§ **Task requirements**: Transcribe, exactly and without pictures, the lines below from the line with "Salvatore Ferragamo N" to the line with "Disney Princess: Free", both ends included, and no others.
BEGIN Material provided
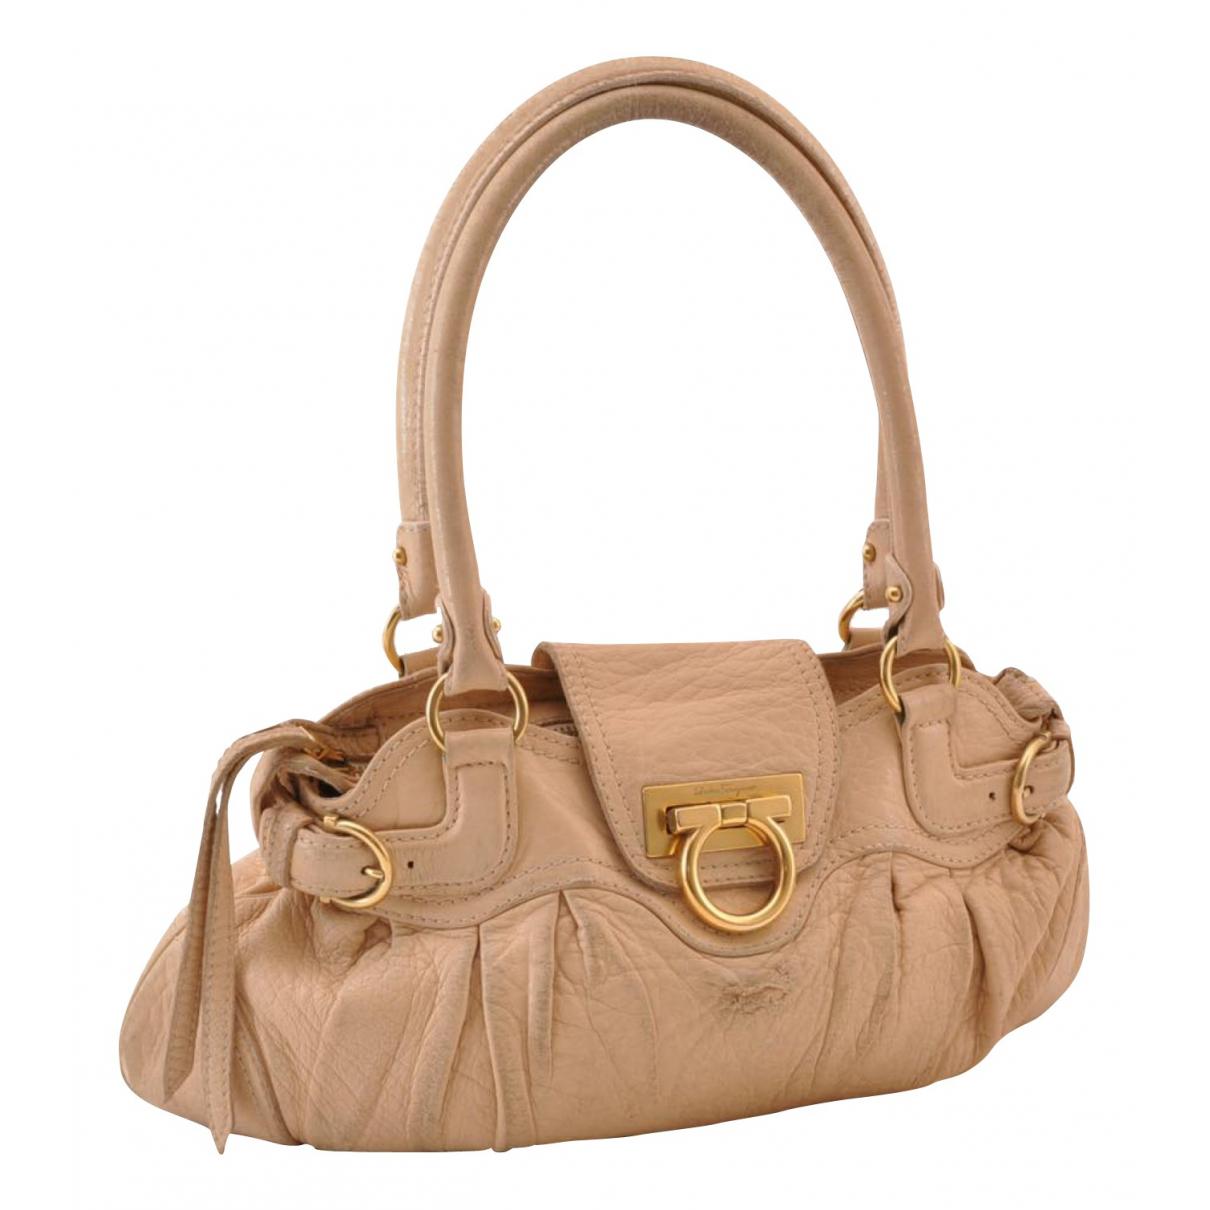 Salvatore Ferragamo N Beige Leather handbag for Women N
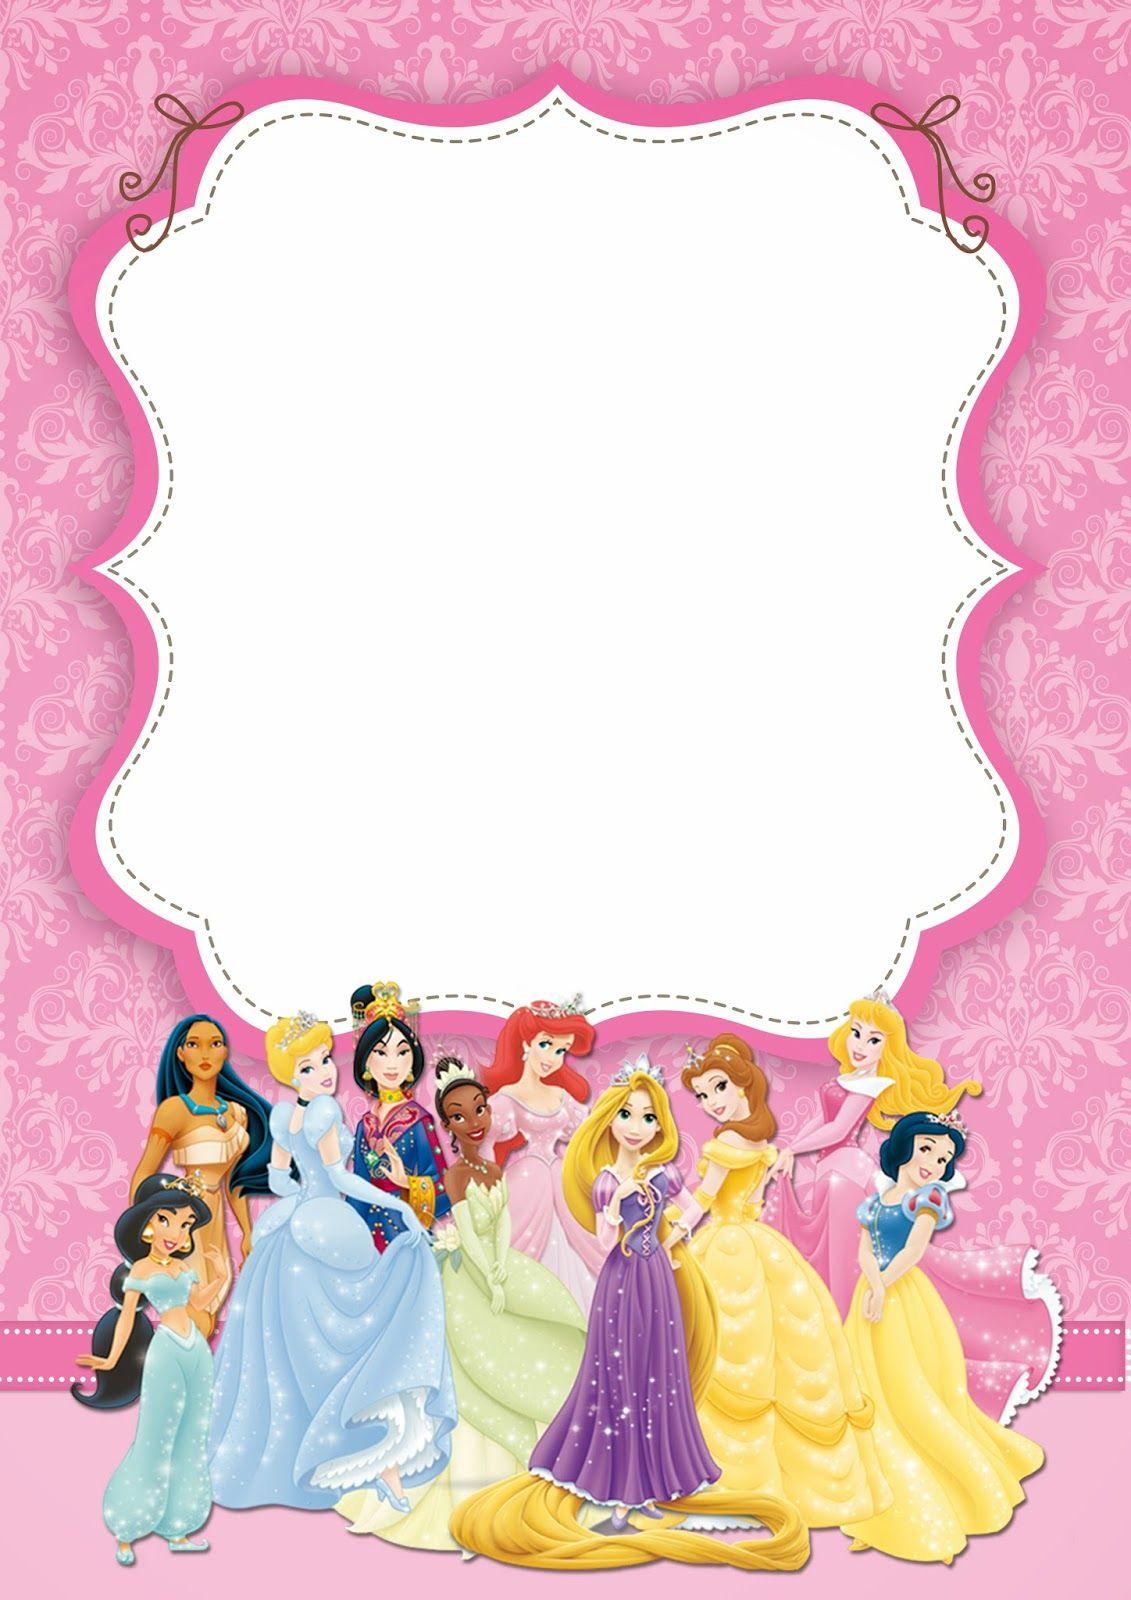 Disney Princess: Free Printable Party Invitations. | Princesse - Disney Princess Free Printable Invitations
END Material provided
BEGIN Material provided
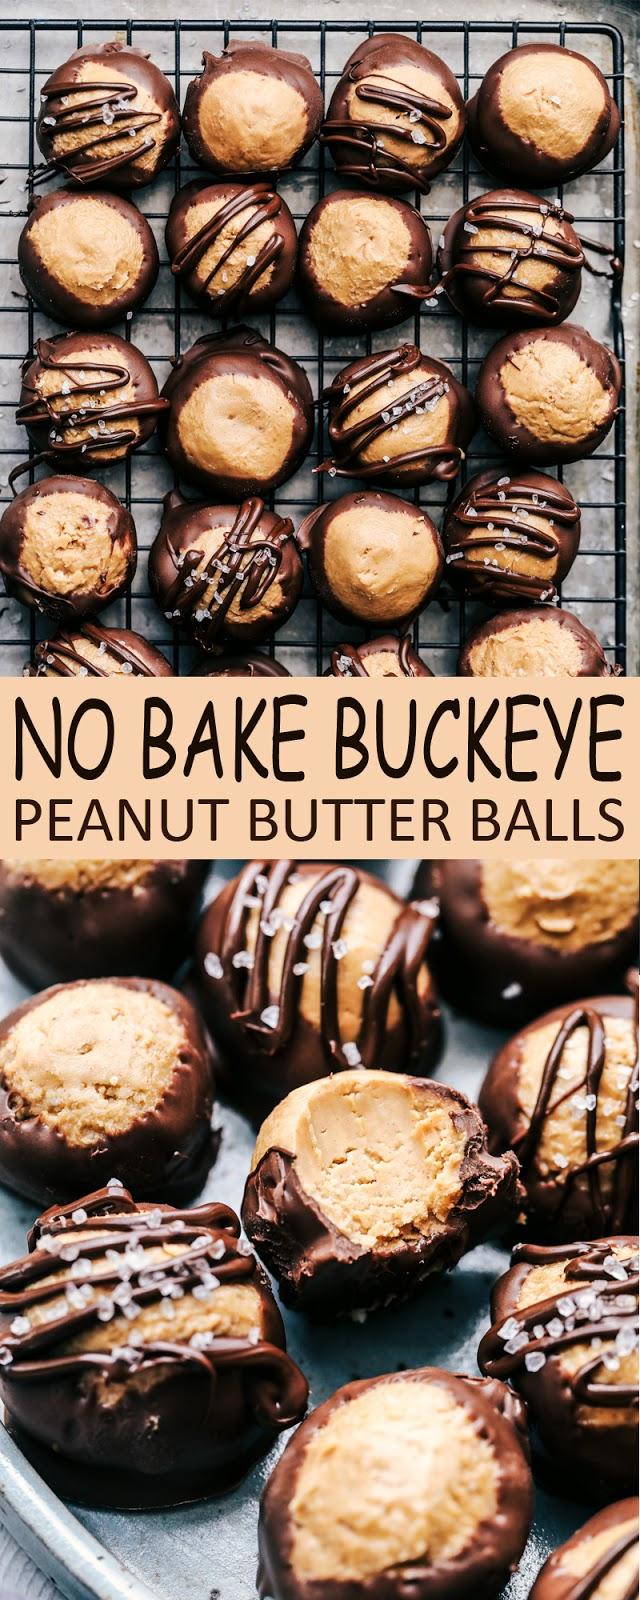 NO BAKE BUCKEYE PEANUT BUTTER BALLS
END Material provided
§ **Expected output**:
 Salvatore Ferragamo N Beige Leather handbag for Women N
 Disney Princess: Free Printable Party Invitations. | Princesse - Disney Princess Free Printable Invitations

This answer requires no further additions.